__Data__.
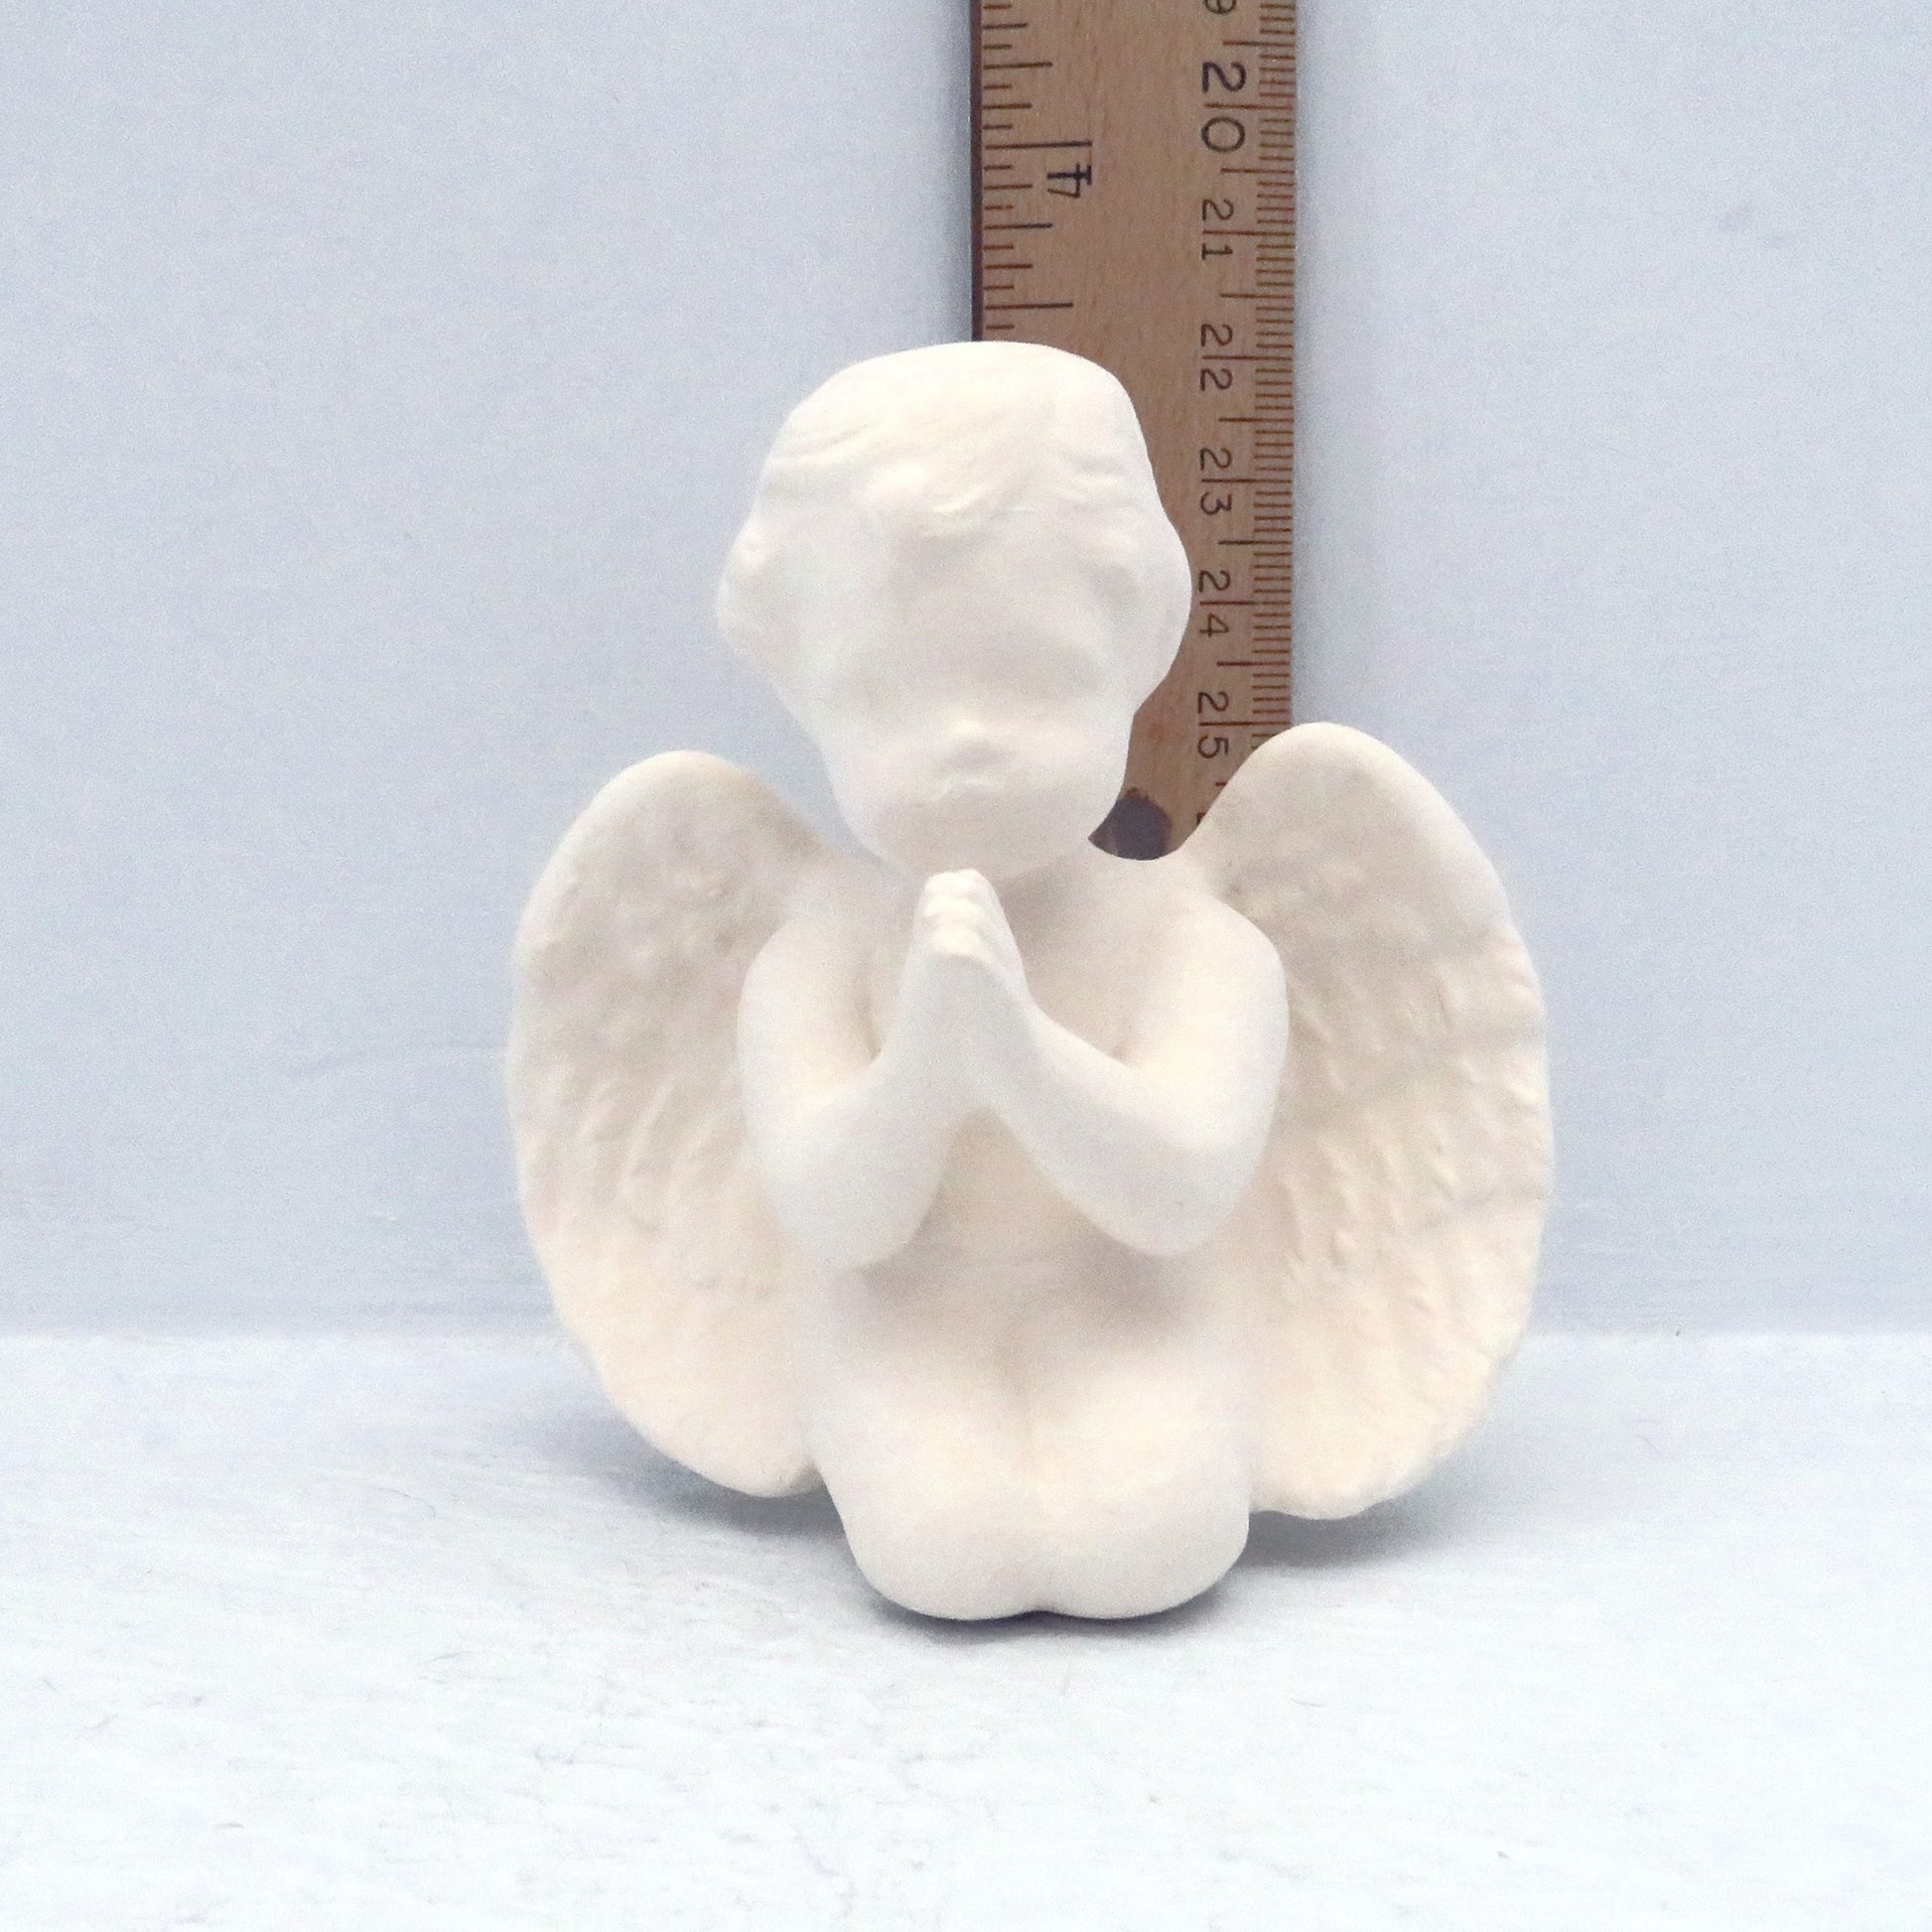 Ready to paint handmade ceramic cherub kneeling with hands folded in prayer position by a ruler showint it to be 3 1/4 inches tall
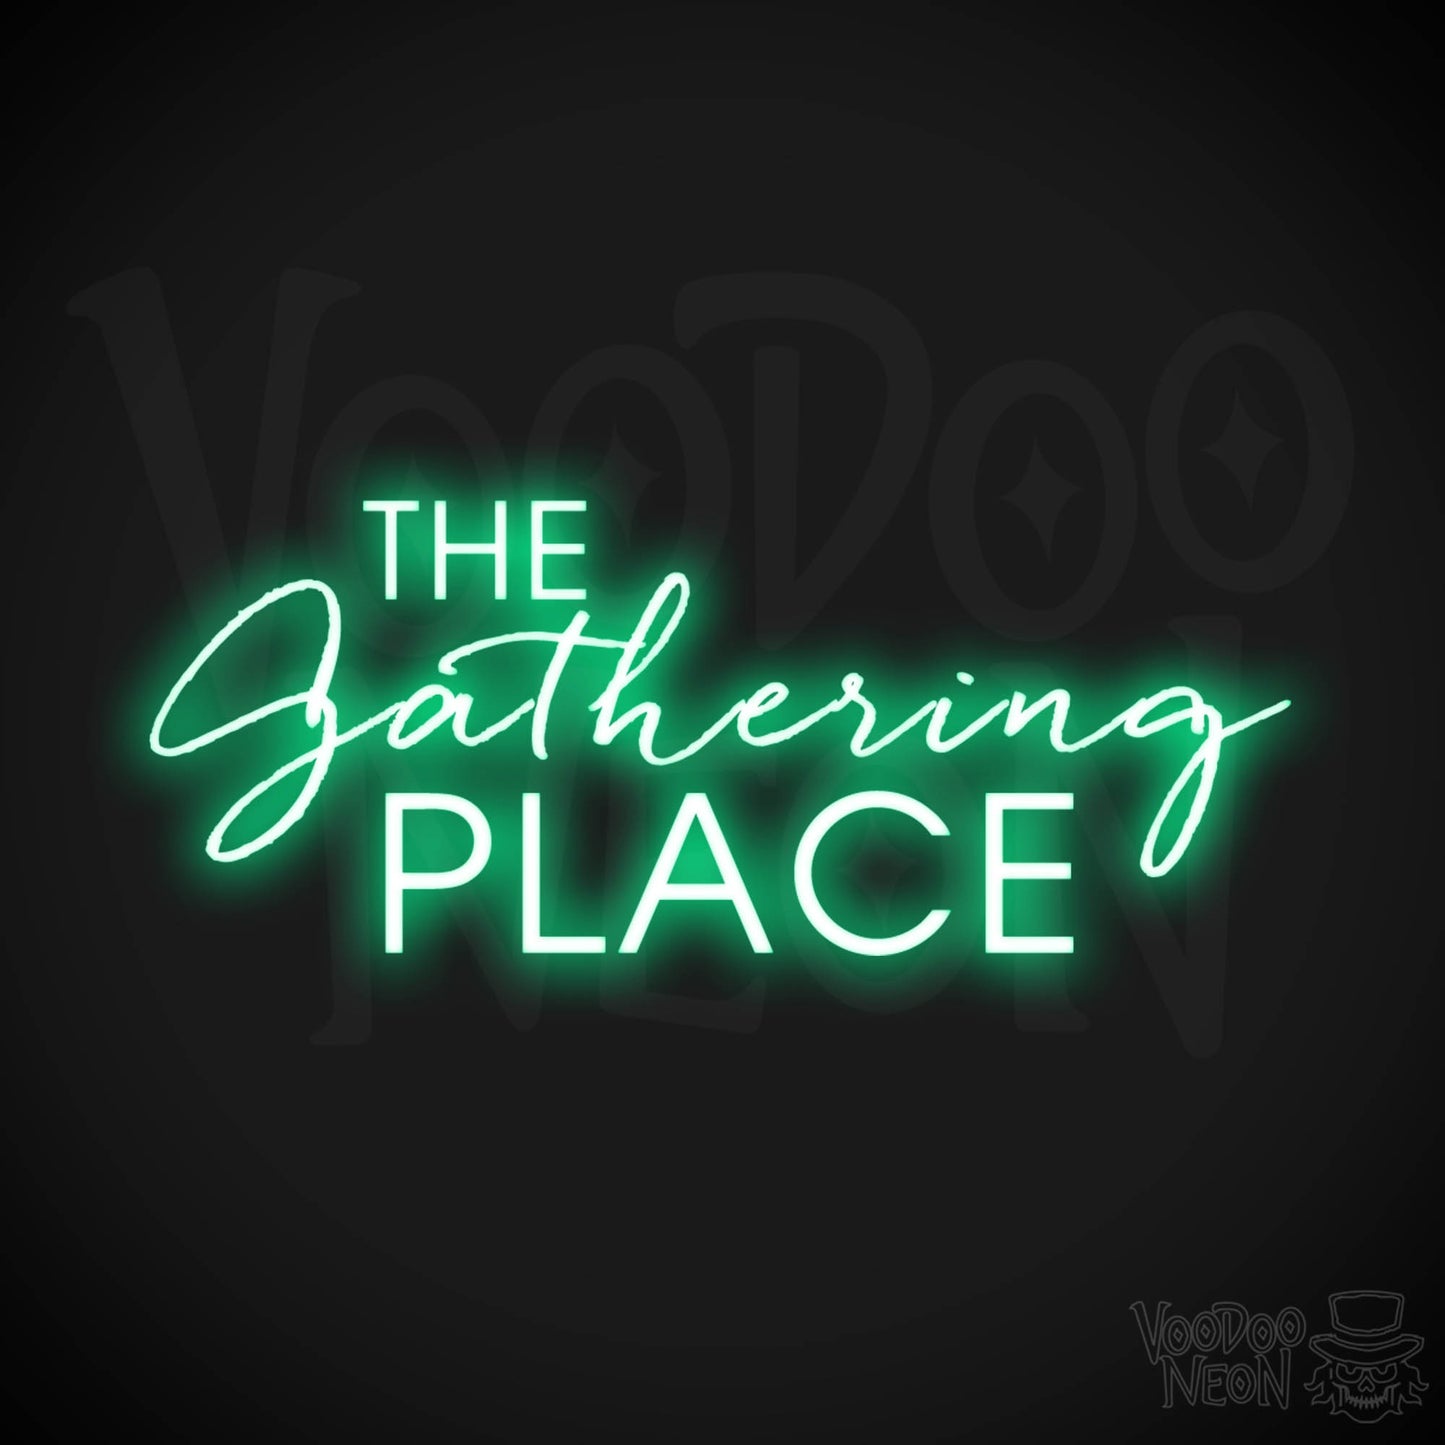 The Gathering Place Neon Sign - Neon The Gathering Place Sign - Wall Art - Color Green
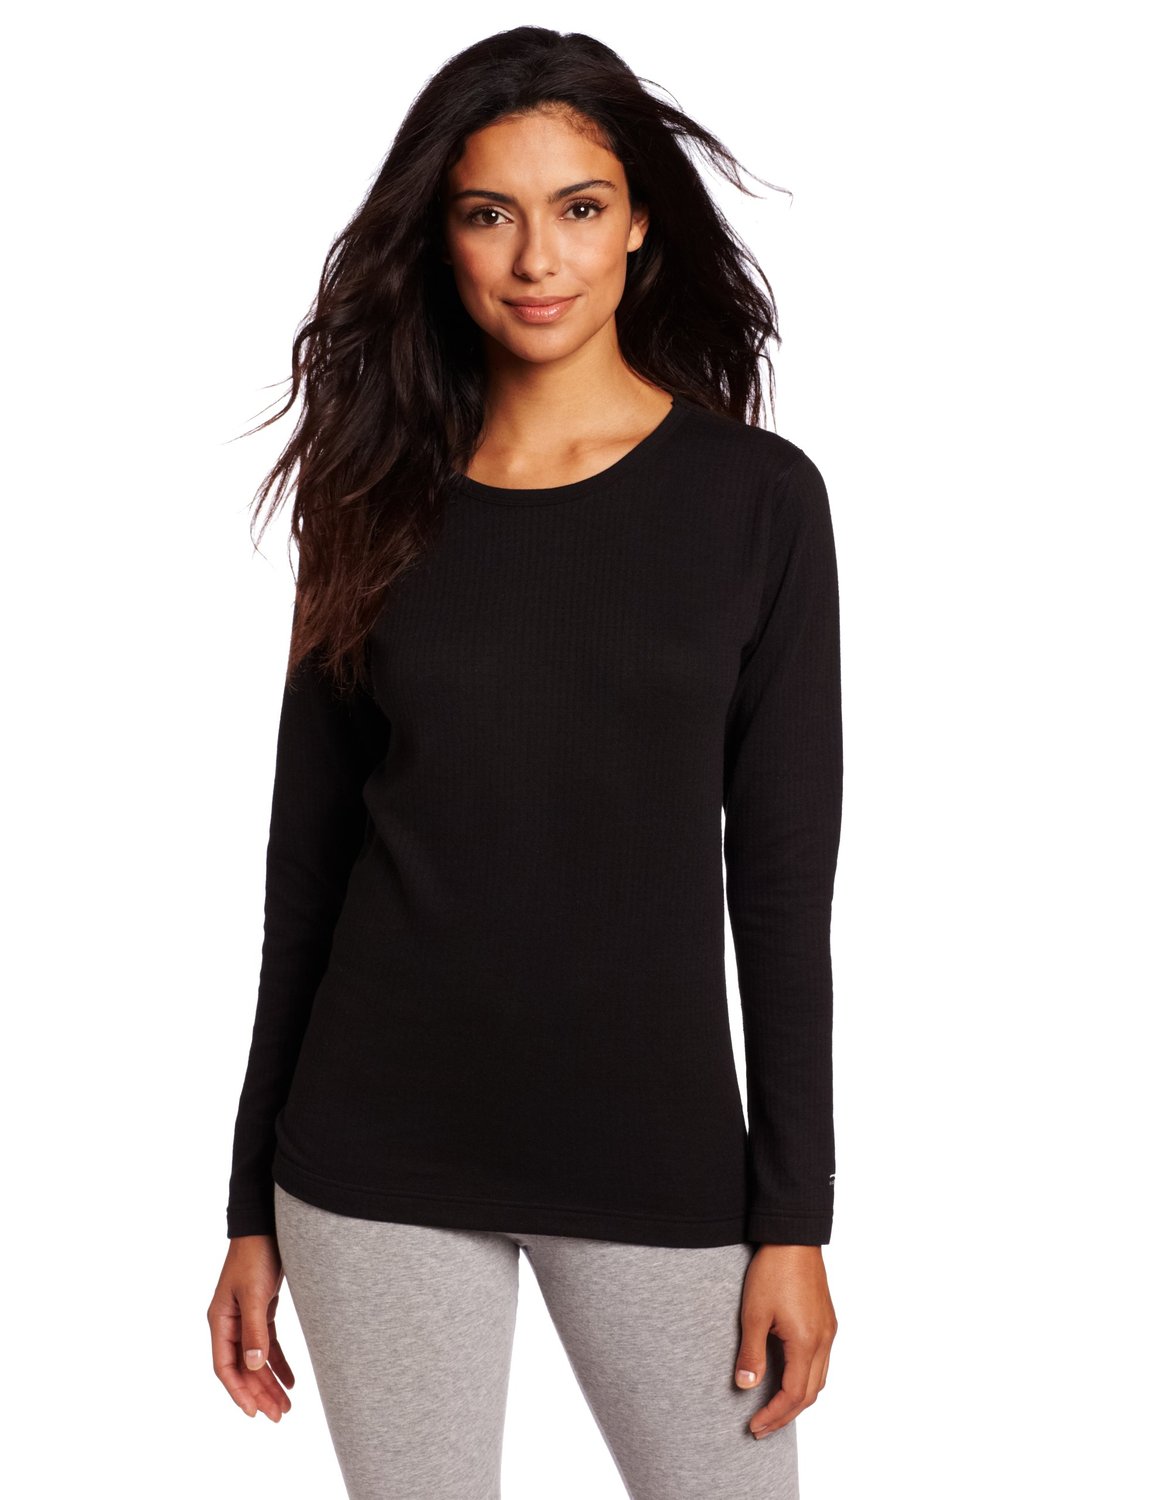 Duofold Women's Mid Weight Thermal Shirt
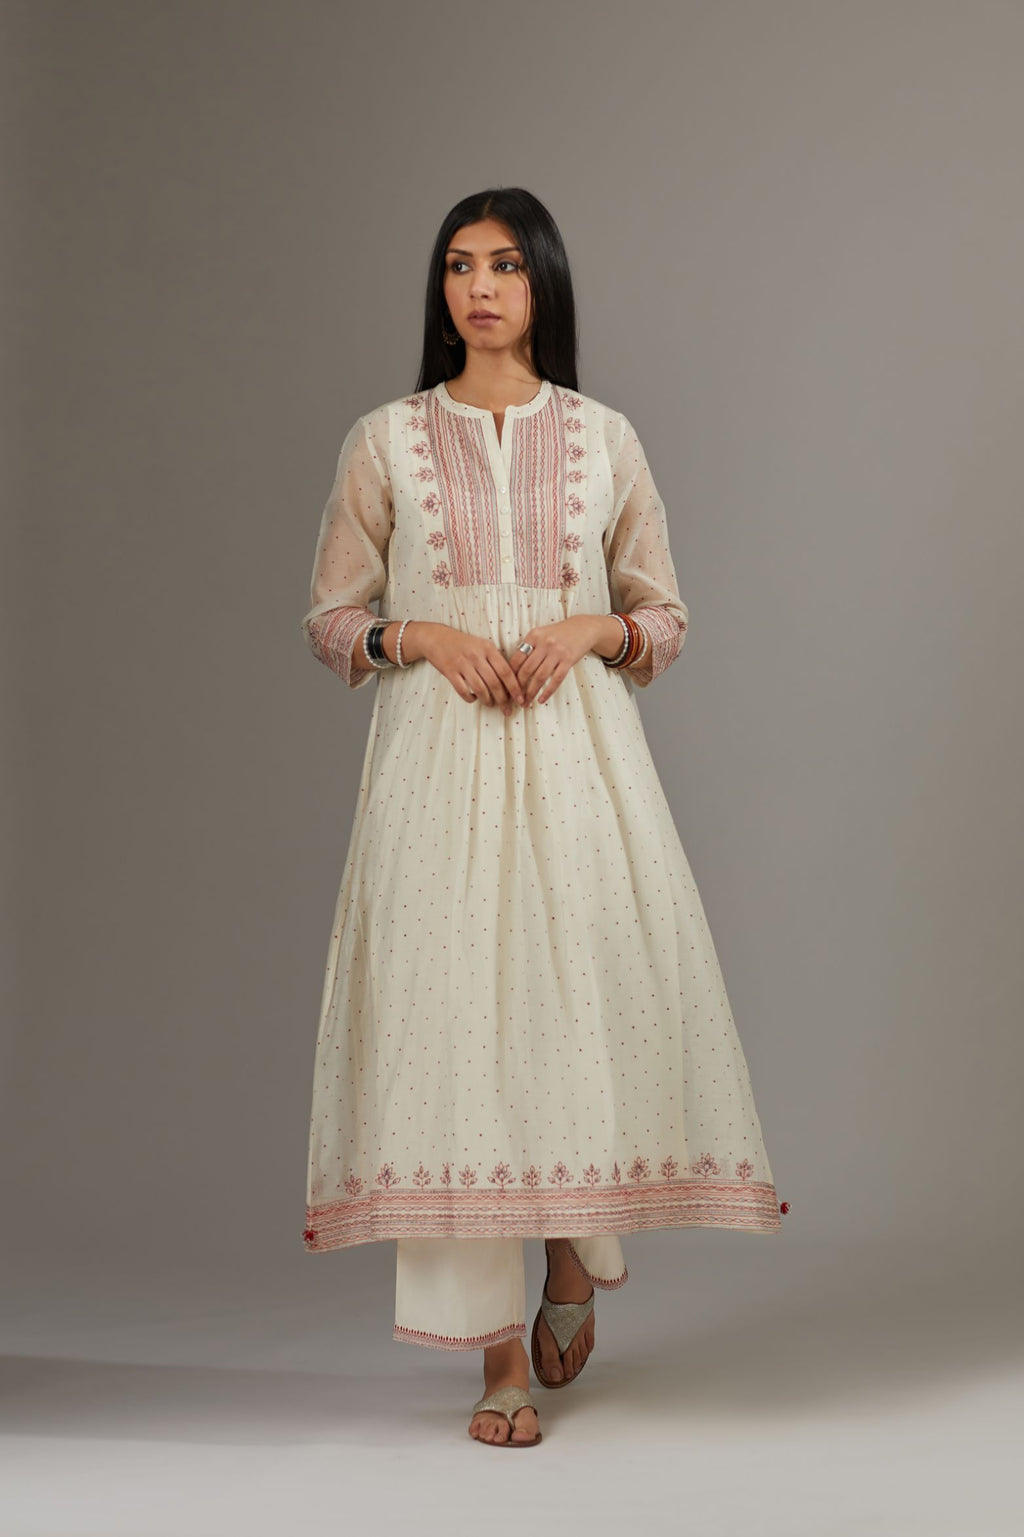 Hand block printed kurta set  dress with quilted, embroidered yoke with fine gathers.

__Problem details__. Every line of the material must be reproduced verbatim; the pictures are to be omitted.

__Result of this exercise__.
 Ready to paint handmade ceramic cherub kneeling with hands folded in prayer position by a ruler showint it to be 3 1/4 inches tall
 The Gathering Place Neon Sign - Neon The Gathering Place Sign - Wall Art - Color Green
 Duofold Women's Mid Weight Thermal Shirt
 Hand block printed kurta set  dress with quilted, embroidered yoke with fine gathers.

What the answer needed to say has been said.